With a best guess prognosis we offered the following to all three of our clients:
– A 75% chance they will not survive surgery or get a result that is consistent with comfort post surgery and would still need to euthenase (as they are currently facing).
– A 25% chance they may improve enough to be comfortable to give more time, however long that may be.
All three clients wanted to give any possible chance a go.
Upon general anaesthesia and examination to see if there was anything we could improve before considering euthanasia, interestingly all three puppies already had massive secondary restricted pharyngeal changes that normally don’t occur to 6-24 months: Everted laryngeal saccules, huge tonsils, extremely long palates, and thickened, along with their stenotic nares. No wonder they were OK as extremely young puppies despite their hypoplastic tracheas but were now gasping for air with secondary pneumonia by just 12 weeks of age, as these secondary changes at the back of the pharynx further exacerbated the lack of room to get oxygen.
As there was something we could try we proceeded with restricted airway correction despite the poor prognosis as understood and accepted by their owners. So far these are the results:
Rosie: Despite surviving surgery, and the very next day Rosie’s owner reporting how wonderful she was, not having been as quiet or active or happy since the day she got her at 8 weeks, over the next 4-5 days she slowly deteriorated to the point of needing to make a decision for her best interest.
Winnie: 18 months later Winnie is a wonderful happy dog enjoying life as much as most! At her repeat surgery at 12 months her trachea now has a ratio of 0.12. Still terrible, but far better than 0.08, a 50% improvement as she grew.
Billie: 4 weeks post recovery Billie is currently heading the same way as Winnie, fingers crossed she now has a chance to grow a little into her trachea the same as Winnie above.
Please see the after photos and videos (https://youtu.be/7cfykI5I4j4) of Billie just 4 weeks post surgery.
👩⚕️ VET DISCUSSION 👨⚕️
Any pup continually presenting for suspect aspiration pneumonia, especially BB, or significant airway restriction, consider immediate x-ray for hypoplastic trachea and also consider an early 5 point restricted airway reconstruction. Many surgeons still may not thin palates, or remove everted laryngeal saccules or tonsils.

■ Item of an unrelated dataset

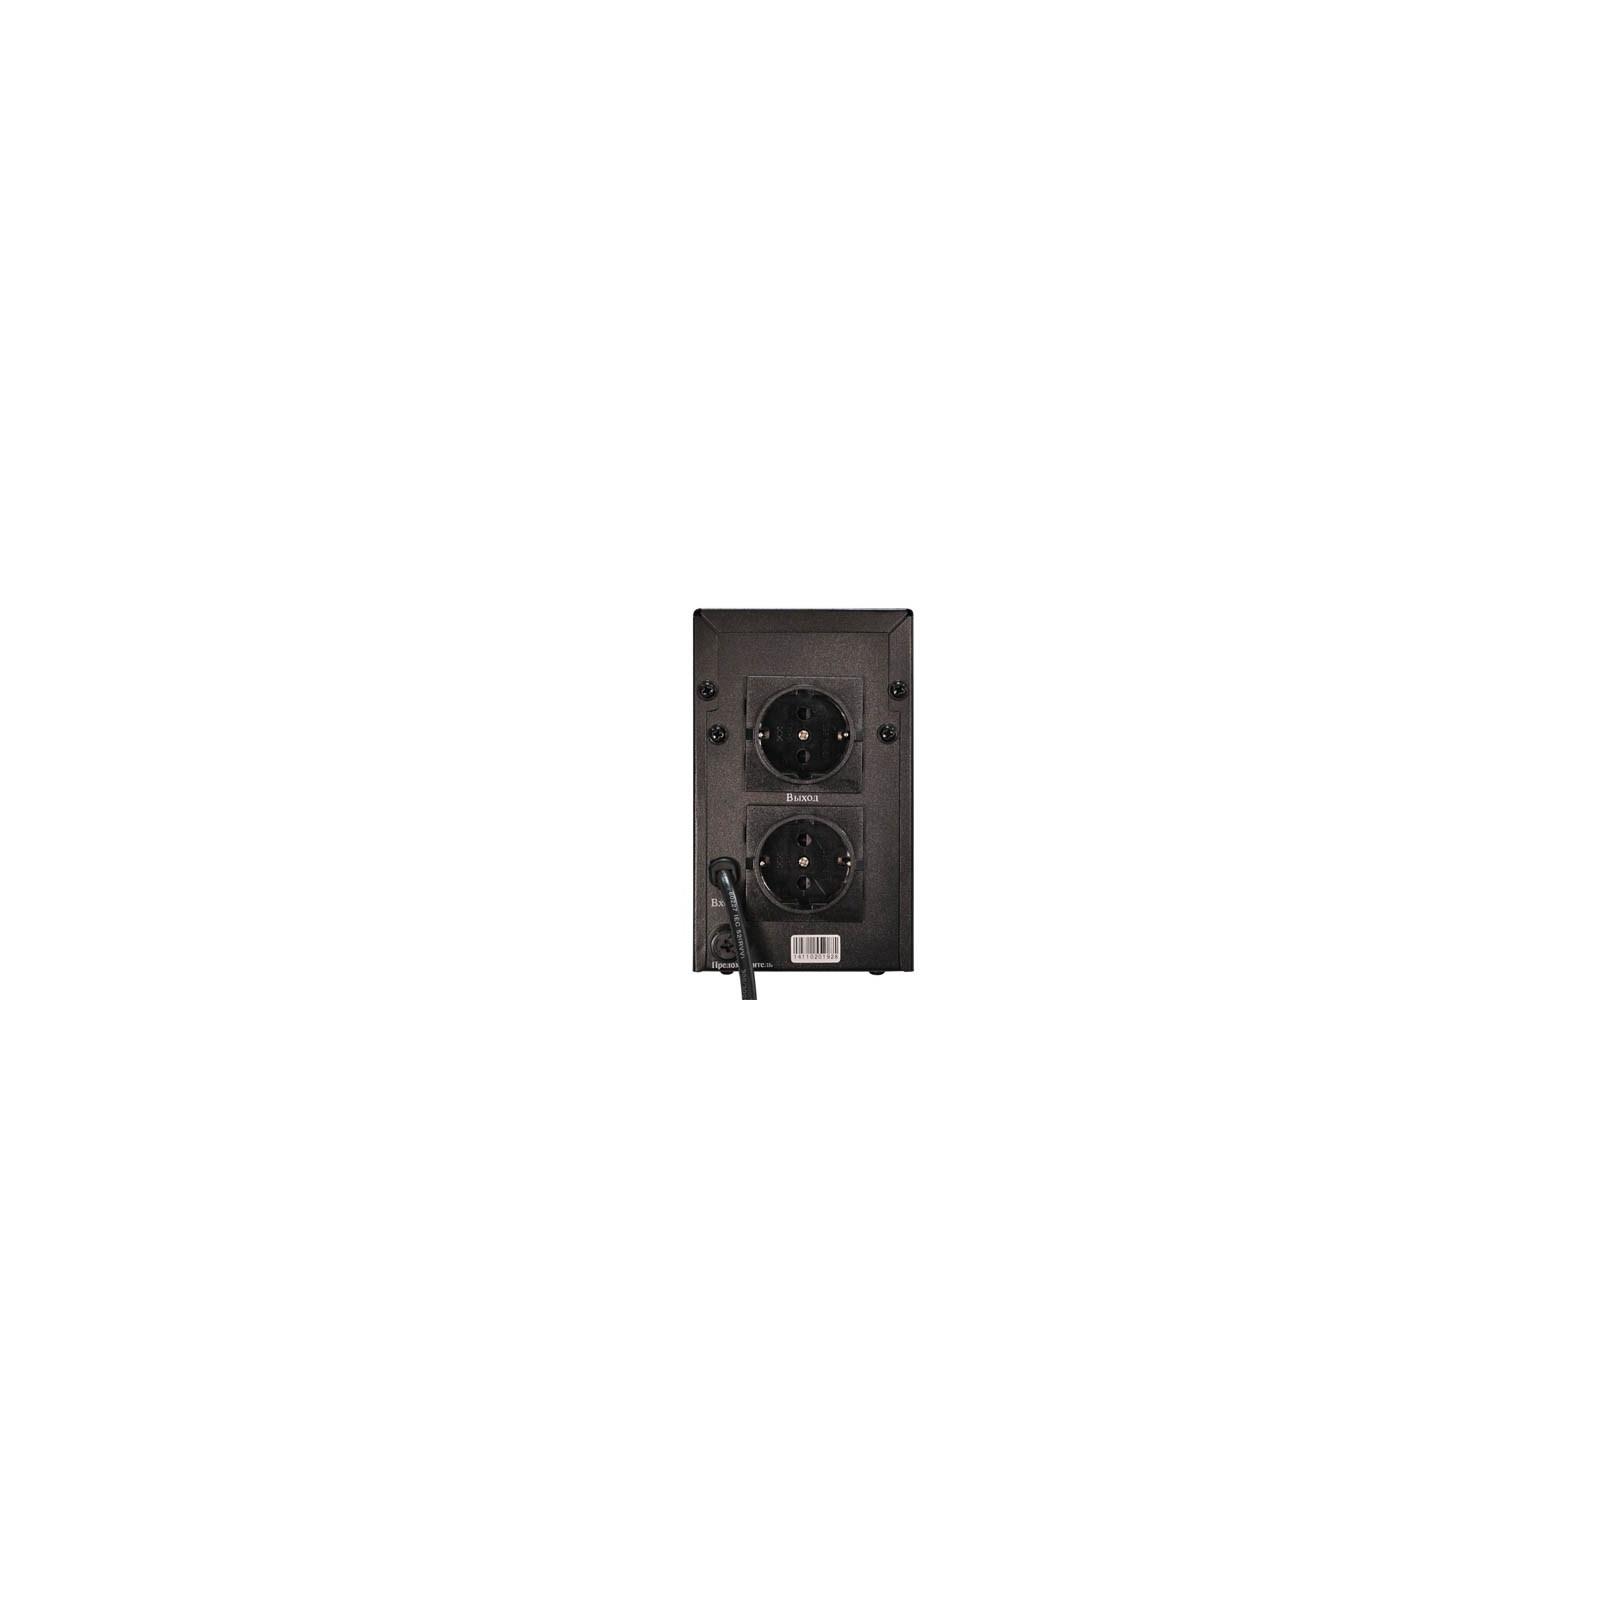 Источник бесперебойного питания KL650VA LCD (AVR) USB LogicPower (00001454) изображение 2

We feel to give them the best chance as much room as possible needs to be made at the back of the pharynx, hence strong consideration to all 5 aspects, not just palate shortening and nares widening, should be considered. Even if presented with severe hypoplastic trachea with severely dyspnoeic patients, please consider correction as an option rather than only euthanasia, so long as the guarded prognosis is well understood. But most importantly please join our professional push here on BAHA ( ) to recommend to breeders to screen for this condition prior to breeding.
Any questions from veterinarians or owners alike are most welcome.
We will also ask any breeders following our facebook group if they would support screening prior to breeding to rule out this concern, or what the reasons would be for not screening. We feel the same x-ray to look for this could also be used to go a long way to rule out the other terrible afflictions these breeds get such as hemivertebrae and their associated back concerns.